Data block —
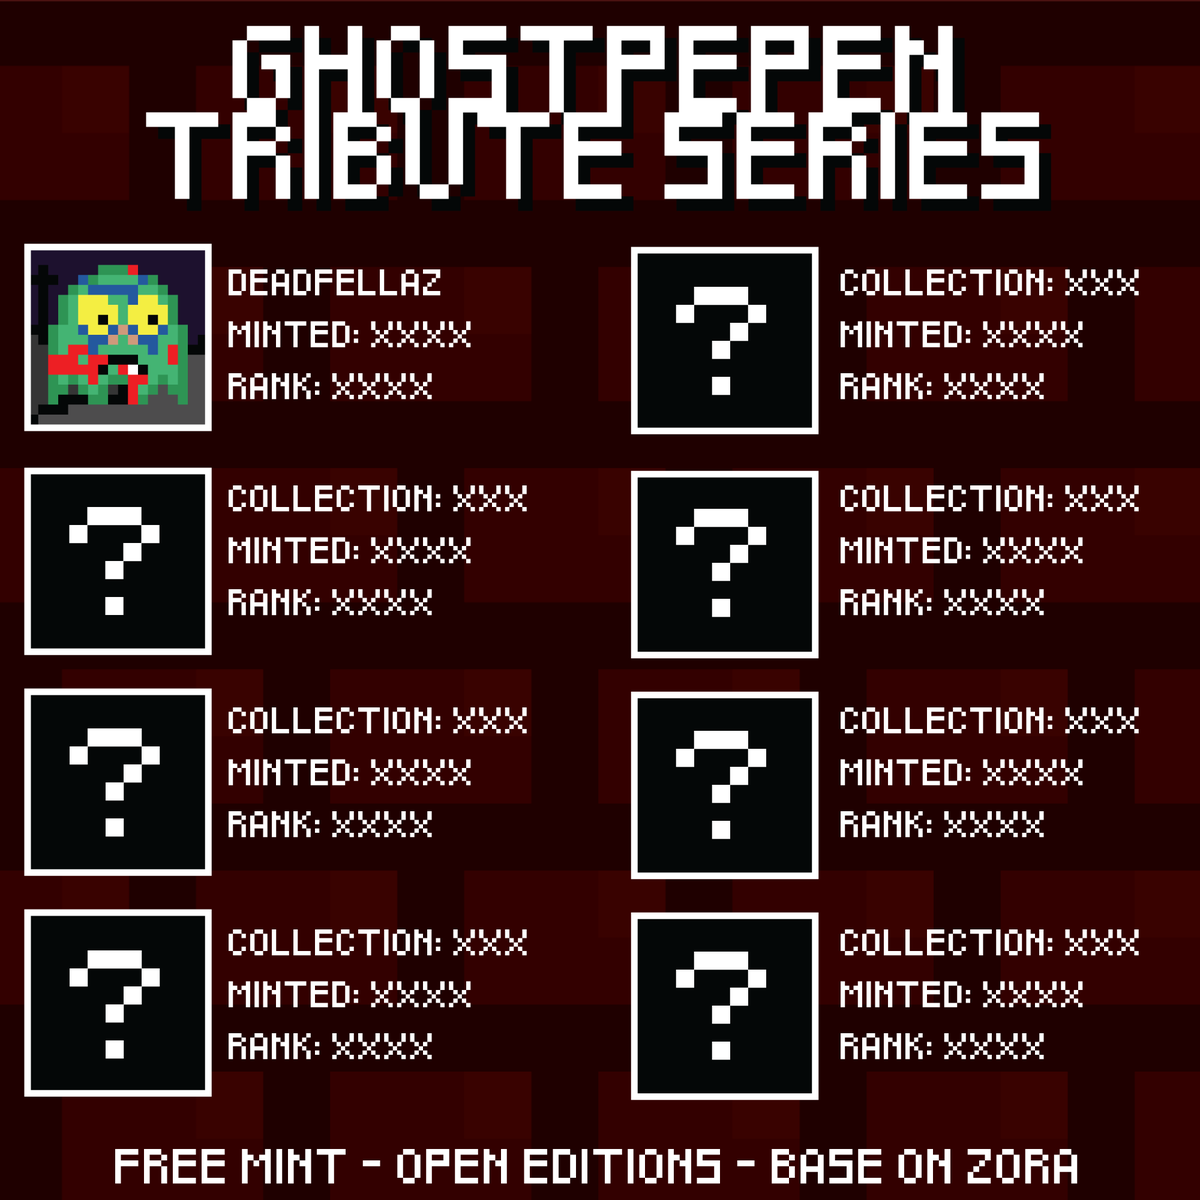 Ghostpepen Tribute: Deadfellaz
Only a couple of days left to grab your free Open Edition Deadfellaz Ghostpepen Tribute before it is closed forever and the next Tribute is released into the world.
Mint link below 👇
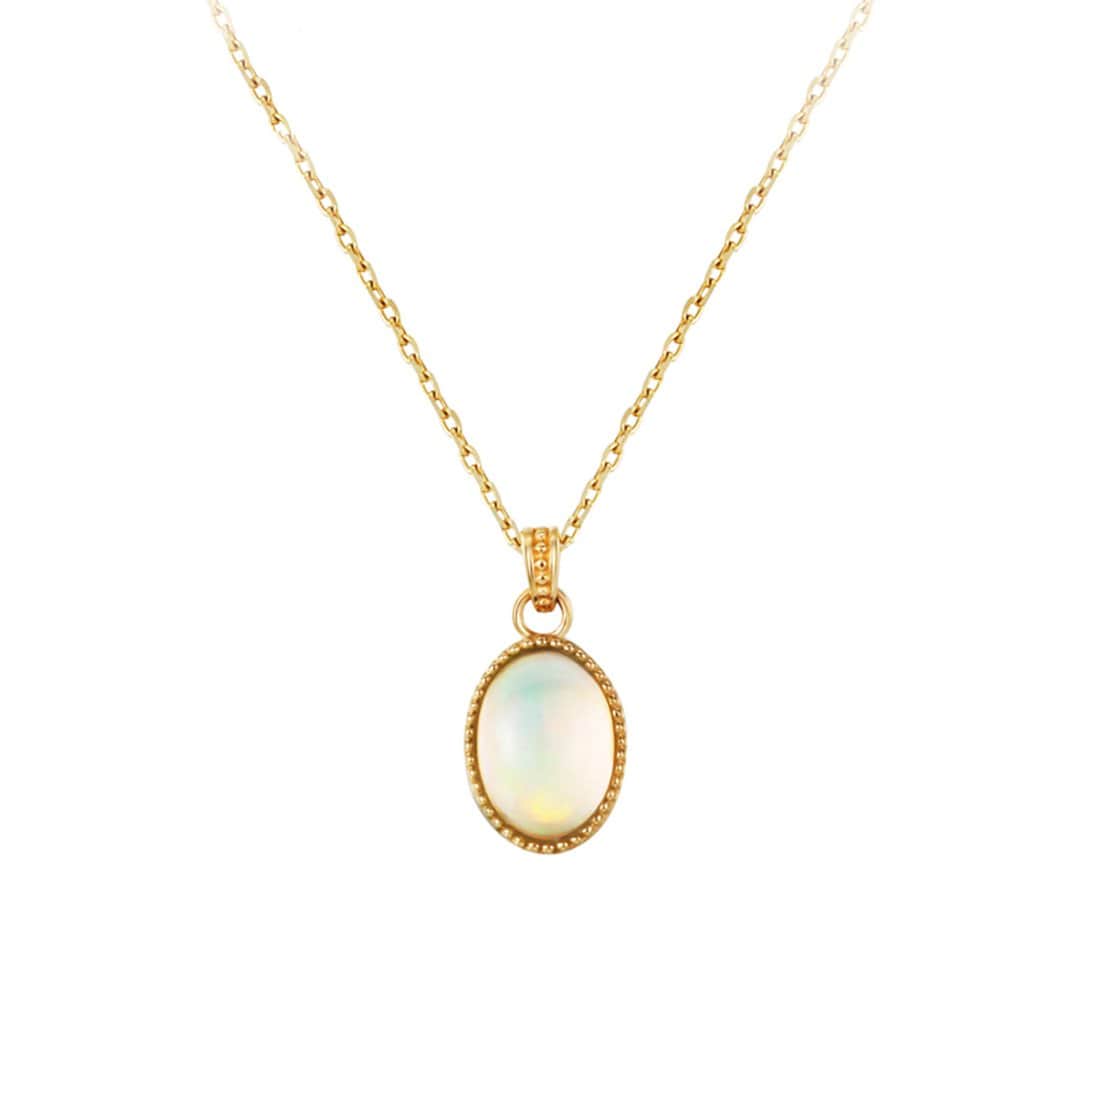 FANCIME "Maria" Natural Opal Solid 14K Yellow Gold Necklace Main

Work required —
Retype the listing exactly. Leave out its pictures.

Task solution —
 Ghostpepen Tribute: Deadfellaz
Only a couple of days left to grab your free Open Edition Deadfellaz Ghostpepen Tribute before it is closed forever and the next Tribute is released into the world.
Mint link below 👇
 FANCIME "Maria" Natural Opal Solid 14K Yellow Gold Necklace Main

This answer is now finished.